Yuppies keep coffee shops on the boil
Yuppies keep coffee shops on the boil
Grace Nirang, Reuters, Jakarta
Indonesian farmers may be fed up with the low prices they get for
their coffee but young people in the world's fourth most populous
country can not get enough of the trendy bean.
Farmers in the world's fourth largest producer desperately
want out of coffee, but plans are brewing in the big cities for
even more trendy cafes serving the stuff.
The Coffee Bean opened in one of Jakarta's glitziest malls in
January and the world's largest coffee chain, Starbucks, has
announced plans to expand into Indonesia.
Home-grown modern cafes with Italian or French names dot
almost every mall, although foreign coffee chains are just
entering the Indonesian market.
For investors, the draw is obvious: Indonesia's growing middle
and upper classes.
The world's most populous Muslim nation may still be in
crisis, but do not tell that to customers lounging at The Coffee
Bean (TCB) in upmarket Plaza Senayan in south Jakarta.
"Sure, the coffee is expensive, but it's the lifestyle that
we've bought," accountant Tri Wahyu Sampurno said, as he sipped
his tall mochachino.
There's a strong demand for "the modern yuppie lifestyle" and
drinking coffee is part of it, TCB managers say.
"The coffee business is booming.
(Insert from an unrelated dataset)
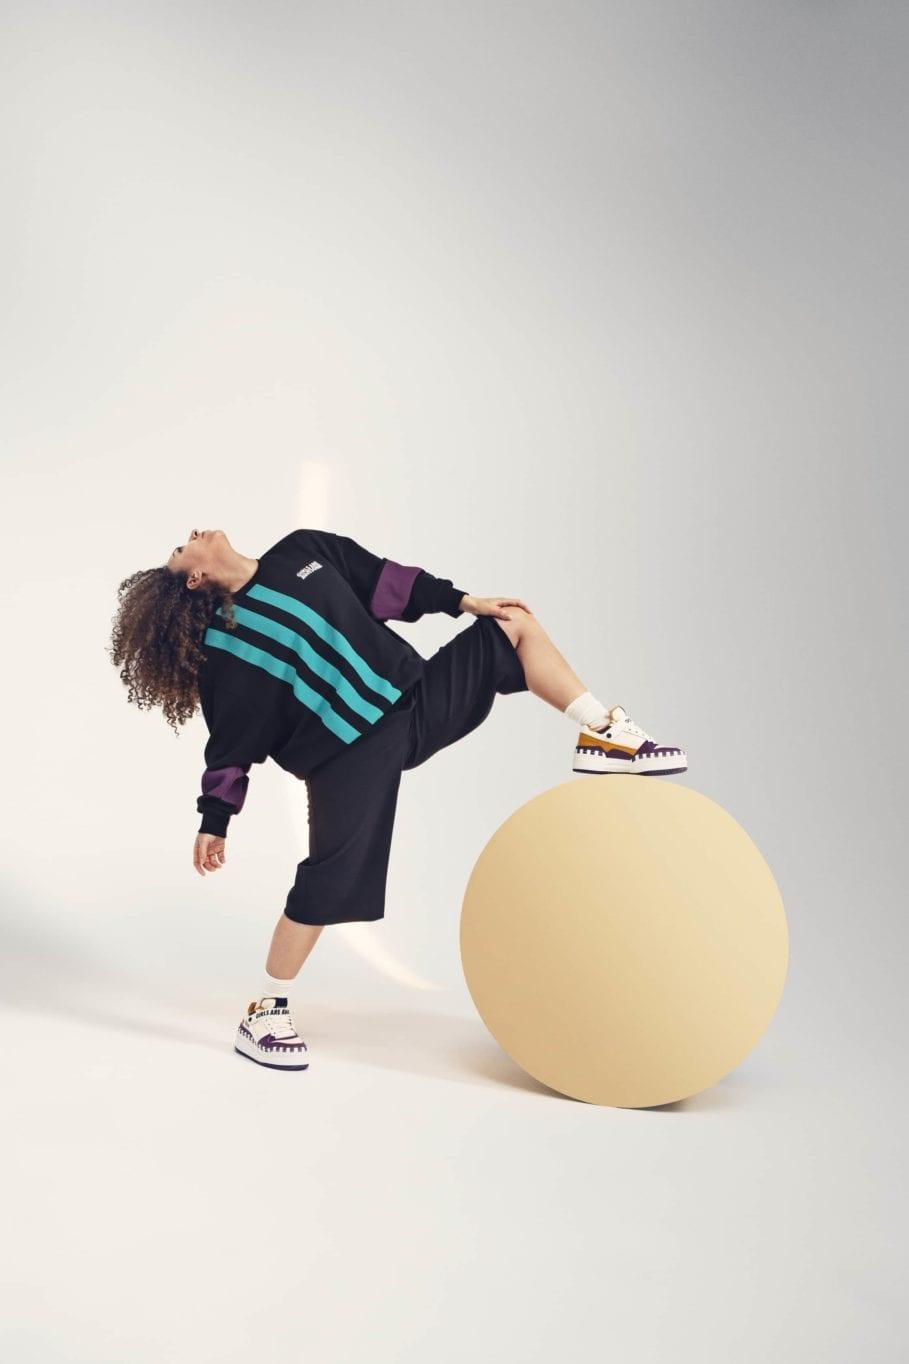 アディダス オリジナルス × ガールズ アー オーサム コレクション adidasxGirlsAreAwesome_CrewSweater-Black

It's a matter of getting the
right concepts and tapping into what the middle class wants,"
said Arifian Gustiandi, operations manager at TCB franchisee PT
Tiga Satu Tiga Dwima.
A regular mocha-ice-blended drink at TCB costs Rp 25,000
(US$2.69) -- more than a day's wage for the average Indonesian
factory worker.
Perth-based chain Dome opened its second outlet in Jakarta
last year, less than a year after starting up.
Lukman Hakim, assistant manager at TCB, said: "It's trendy to
be seen at our shop. It's not just the coffee, it's the idea of
drinking expensive coffee too."
Over the next five years, TCB plans nine more outlets in the
country's biggest cities.
Some may think that a touch ambitious for a vast archipelago
more accustomed to exporting its coffee than drinking it.
But there's no shortage of optimism in the sector.
"Indonesia has a strong coffee culture, but it has been much
more focused on the growing side. We hope we can contribute to
develop the local side of consumption, help convince the local
consumer that quality coffee tastes good," said a manager at
Starbucks's partner, Mitra Adiperkasa.
Yet Indonesia still has a long way to go before it can rival
Japan as Asia's largest coffee consumer.
Even before the economic crisis of the late 1990s, Indonesia's
annual domestic coffee consumption was just half a kg per person,
or about 120,000 tonnes every year.
The Indonesian Coffee Exporters' Association (AEKI) estimates
consumption at 100,000 tonnes, a slight recovery after hitting
80,000 tonnes at the worst point of the crisis in 1998.
Only a few years ago, consumption of gourmet blends was close
to non-existent.
But thanks to home-grown cafes that have mushroomed since the
late 1990s, many youngsters -- flush with pocket money from their
parents -- now prefer to drink cappuccinos, mochachinos and cafe
lattes rather than tea or colas.
For upwardly mobile professionals such as Sampurno, Jamaican
Blue Mountain and Sumatran Mandheling are names of gourmet beans,
not simply tourist resorts.
The irony is that TCB and Starbucks buy mostly arabica raw
beans from producing nations and process them in the United
States or elsewhere before bringing them back for sale at
inflated prices.
"So far, I see no positive impact from the producer side.
Those coffee chains serve imported beans, they rarely serve our
robustas," AEKI Executive Secretary Rachim Kartadibrata said.
The country's coffee output has been falling in the past three
years as weak prices -- robusta at 30-year lows last year --
deter farmers from planting coffee and maintaining plants.
Indonesian grade four robusta beans now sells at Rp 4,000/kg,
just enough to buy one kg of rice.
But the new coffee culture could bring a glimmer of hope to
domestic producers -- who grow 90 percent robusta and 10 percent
arabica -- through the possibility of a share of the growing
market, by encouraging consumption of domestic blends.
"We have a lot of gourmet varieties, some of them have never
even been heard of in the international market," said Litha
Brent, who runs Sulawesi-based CV Gumer trading house.
"Our good quality robustas have appealing and acceptable taste
characteristics... I don't see any reason why it can't be sold in
international chains," one trader said.